Taking the distance from the equator to the poles at 6,200 miles, the force resulting from the slope of 4½ feet in 6,200 will amount to only 1/7,340,000th that of gravity, or about 1/1000th of a grain on a pound of water. But, as we shall shortly see, there can be no permanent current resulting from difference of temperature while the two columns remain in equilibrium, for the current is simply an effort to the retardation of equilibrium. In order to have permanent circulation there must be a permanent disturbance of equilibrium. Or, in other words, the weight of the polar column must be kept in excess of that of the equatorial. Suppose, then, that the weight of the polar column exceeds that of the equatorial by 2 feet of water, the difference of level between the two columns will, in that case, amount to only 2 feet 6 inches. This would give a force of only 1/13,200,000th that of gravity, or not much over 1/1,900th of a grain on a pound of water, tending to draw the water down the slope from the equator to the poles, a force which does not much exceed the weight of a grain on a ton of water. But it must be observed that this force of a grain per ton would affect only the water at the surface; a very short distance below the surface the force, small as it is, would be enormously reduced. If water were a perfect fluid, and offered no resistance to motion, it would not only flow down an incline, however small it might be, but would flow down with an accelerated motion. But water is not a perfect fluid, and its molecules do offer considerable resistance to motion. Water flowing down an incline, however steep it may be, soon acquires a uniform motion. There must therefore be a certain inclination below which no motion can take place. Experiments were made by M. Dubuat with the view of determining this limit.[58] He found that when the inclination was 1 in 500,000, the motion of the water was barely perceptible; and he came to the conclusion that when the inclination is reduced to 1 in 1,000,000, all motion ceases. But the inclination afforded by the difference of temperature between the sea in equatorial and polar regions does not amount to one-seventh of this, and consequently it can hardly produce even that “trifling surface-drift” which Sir John Herschel is willing to attribute to it.

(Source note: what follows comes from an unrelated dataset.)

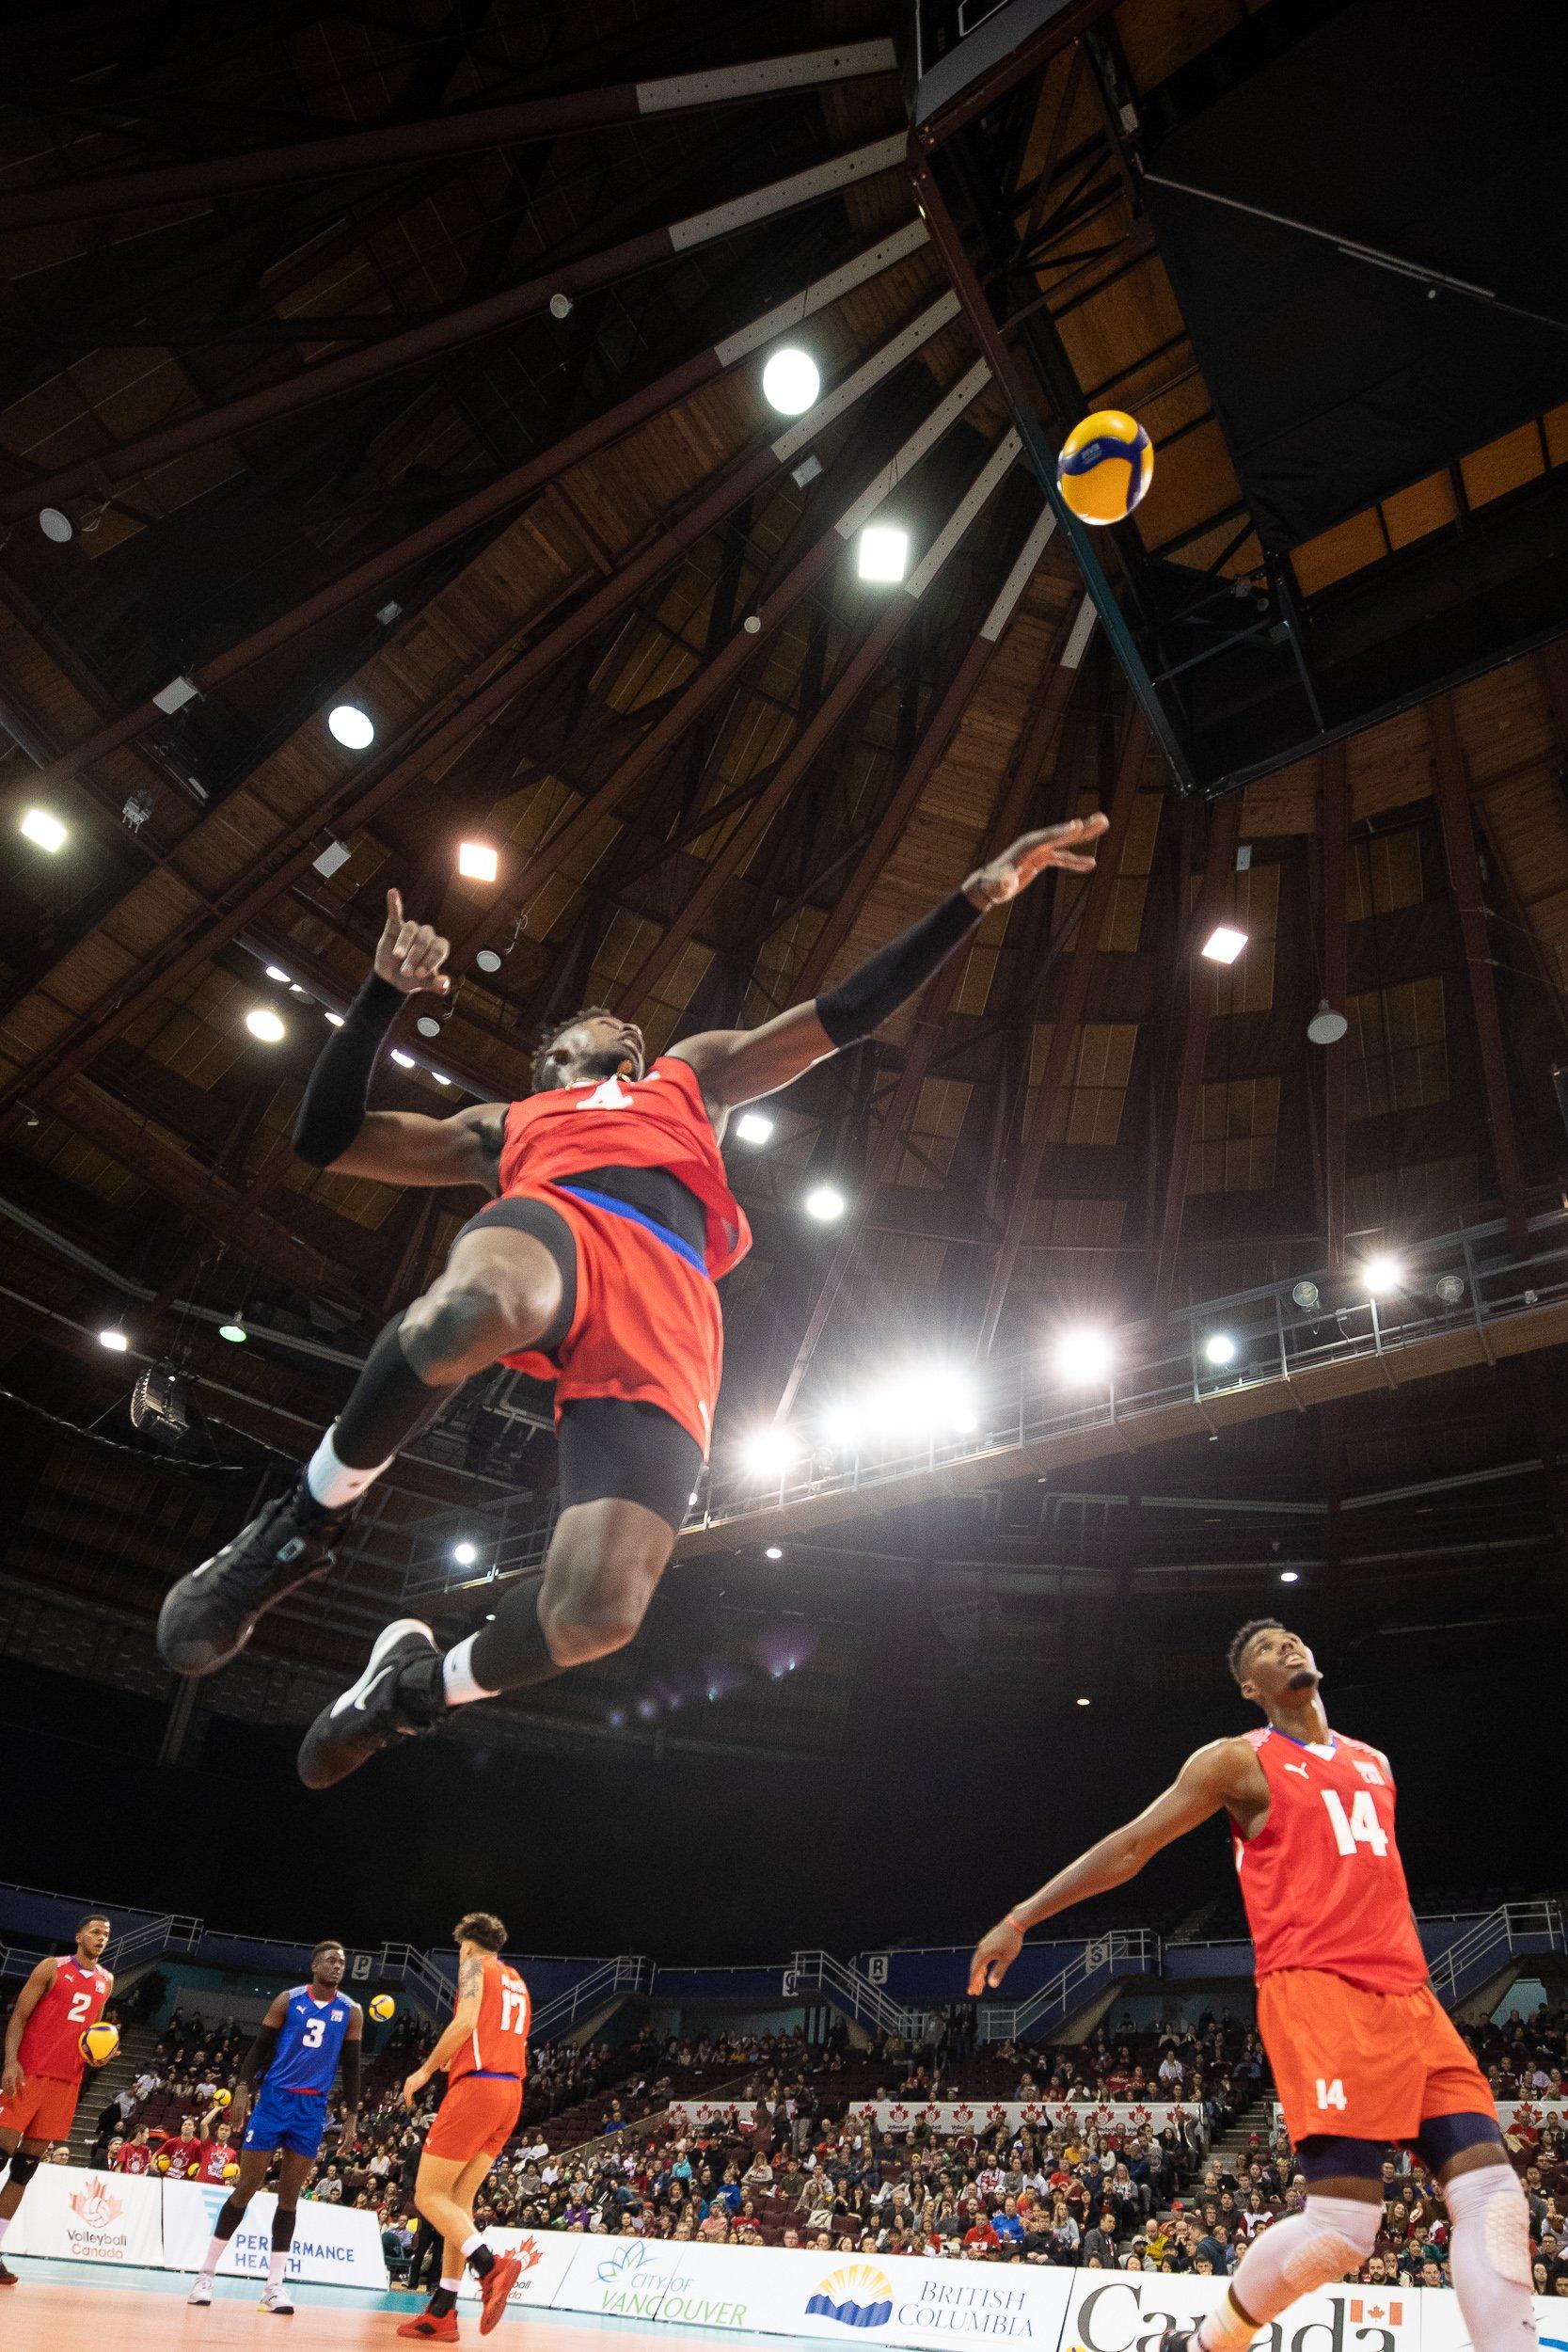 Desde pequeño Marlon Yant despegaba con mucha potencia. Foto: Getty Images.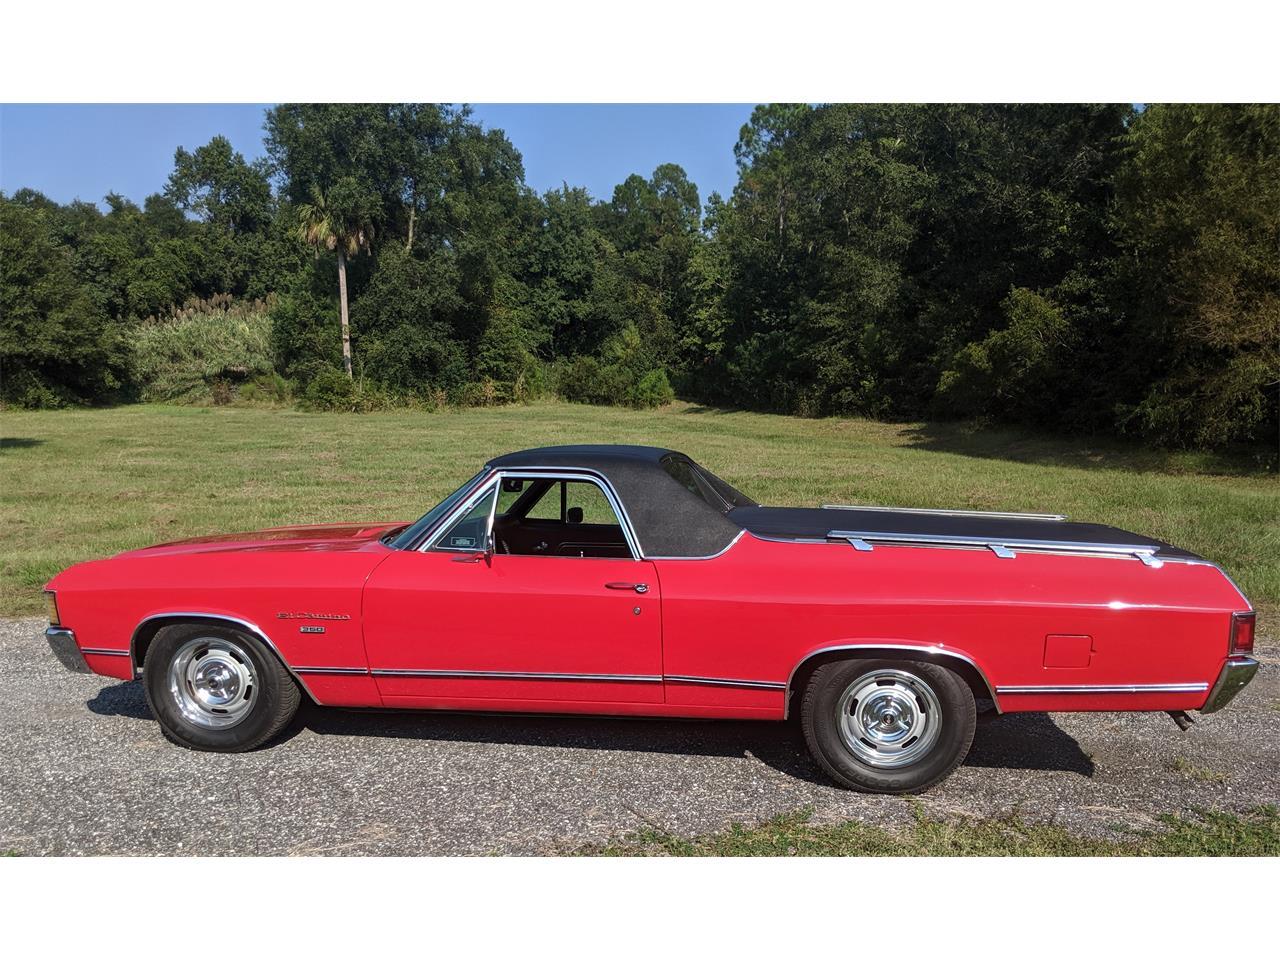 1972 Chevrolet El Camino (CC-1267861) for sale in Brunswick, Georgia

There is an error into which some writers appear to fall to which I may here refer. Suppose that at the equator we have to descend 10,000 feet before water equal in density to that at the poles is reached. We have in this case a plain with a slope of 10,000 feet in 6,200 miles, forming the upper surface of the water of maximum density. Now this slope exercises no influence in the way of producing a current, as some seem to think; for it is not a case of disturbed equilibrium, but the reverse. It is the condition of static equilibrium resulting from a difference between the temperature of the water at the equator and the poles. The only slope that has any tendency to produce motion is that which is formed by the surface of the ocean in the equatorial regions being higher than the surface at the poles; but this is an inclination of only 4 feet 6 inches, and is therefore wholly inadequate to produce such currents as the Gulf-stream.

CHAPTER VIII.
EXAMINATION OF THE GRAVITATION THEORY OF OCEANIC CIRCULATION.—DR. CARPENTER’S THEORY.

Gulf-stream according to Dr. Carpenter not due to Difference of Specific Gravity.—Facts to be Explained.—The Explanation of the Facts.—The Explanation hypothetical.—The Cause assigned for the hypothetical Mode of Circulation.—Under currents account for all the Facts better than the Gravitation Hypothesis.—Known Condition of the Ocean inconsistent with that Hypothesis.

Dr. Carpenter does not suppose, with Lieut. Maury, that the difference of temperature between the ocean in equatorial and polar regions can account for the Gulf-stream and other great currents of the ocean. He maintains, however, that this difference is quite sufficient to bring about a slow general interchange of water between the polar and inter-tropical areas—to induce a general movement of the upper portion of the ocean from the equator to the poles and a counter-movement of the under portion in a contrary direction. It is this general movement which, according to that author, is the great agent by which heat is distributed over the globe.[59]

In attempting to estimate the adequacy of this hypothesis as an explanation of the phenomena involved, there are obviously two questions to be considered: namely, (1) is the difference of temperature between the sea in inter-tropical and polar regions sufficiently great to produce the required movement? and (2) assuming that there is such a movement, does it convey the amount of heat which Dr. Carpenter supposes? I shall begin with the consideration of the first of these two points.